HP XC System 3.x Software manual About This Document, Intended Audience, Document Organization

Page 13

About This Document

This document provides information about using the features and functions of the HP XC System Software. It describes how the HP XC user and programming environments differ from standard Linux® system environments. In addition, this manual focuses on building and running applications in the HP XC environment and is intended to guide an application developer to take maximum advantage of HP XC features and functions by providing an understanding of the underlying mechanisms of the HP XC programming environment.

An HP XC system is integrated with several open source software components. Some open source software components are being used for underlying technology, and their deployment is transparent. Some open source software components require user-level documentation, specific to HP XC systems, and that kind of information is included in this document, if required.

HP relies on the documentation provided by the open source developers to supply the information you need to use their products. For links to open source software documentation for products that are integrated with your XC system, see “Supplementary Information” (page 15).

Documentation for third-party hardware and software components that are supported on the HP XC system is supplied by the third-party vendors. However, information about the operation of third-party software is included in this document if the functionality of the third-party component differs from standard behavior when used in the XC environment. In this case, HP XC documentation supersedes information supplied by the third-party vendor. For links to related third-party Web sites, see “Supplementary Information” (page 15).

Standard Linux® administrative tasks or the functions provided by standard Linux tools and commands are documented in commercially available Linux reference manuals and on various Web sites. For more information about obtaining documentation for standard Linux administrative tasks and associated topics, see the list of Web sites and additional publications provided in “Related Information” (page 16).

Intended Audience

This document is intended for experienced Linux users who run applications developed by others, and for experienced system or application developers who develop, build, and run application code on an HP XC system.
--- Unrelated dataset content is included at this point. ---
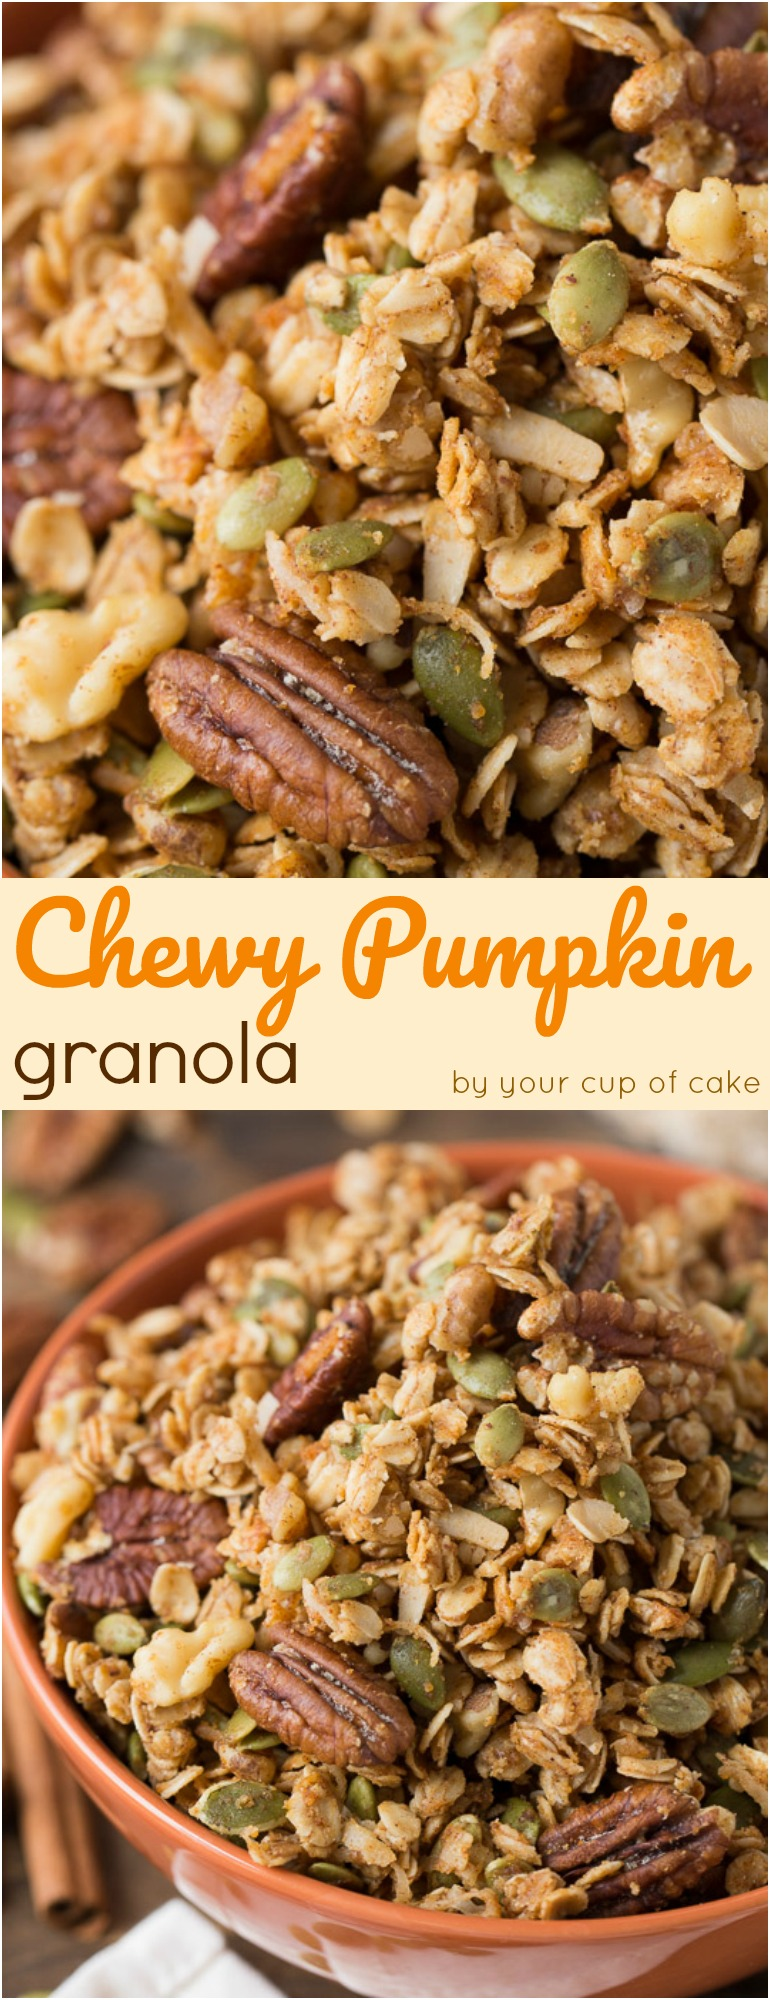 The Best Chewy Pumpkin Granola

This document assumes that the user understands, and has experience with, multiprocessor systems and the Message Passing Interface (MPI), and is familiar with HP XC architecture and concepts.

Document Organization

This document is organized as follows:

Chapter 1: Overview of the User Environment (page 19) provides an overview of the HP XC user, programming, and run-time environment.

Chapter 2: Using the System (page 27) describes how to perform common user tasks on the HP XC system.

Chapter 3: Configuring Your Environment with Modulefiles (page 31) discusses loading, unloading, and creating modulefiles.

Chapter 4: Developing Applications (page 37) describes how to build and run applications on the HP XC system.

Chapter 5: Submitting Jobs (page 45) describes the methods by which jobs are submitted to HP XC system node.

Chapter 6: Debugging Applications (page 53) describes how to debug applications on the HP XC system.

Chapter 7: Tuning Applications (page 59) describes how to tune applications for the HP XC system.

Chapter 8: Using SLURM (page 63) describes how to use SLURM on the HP XC system.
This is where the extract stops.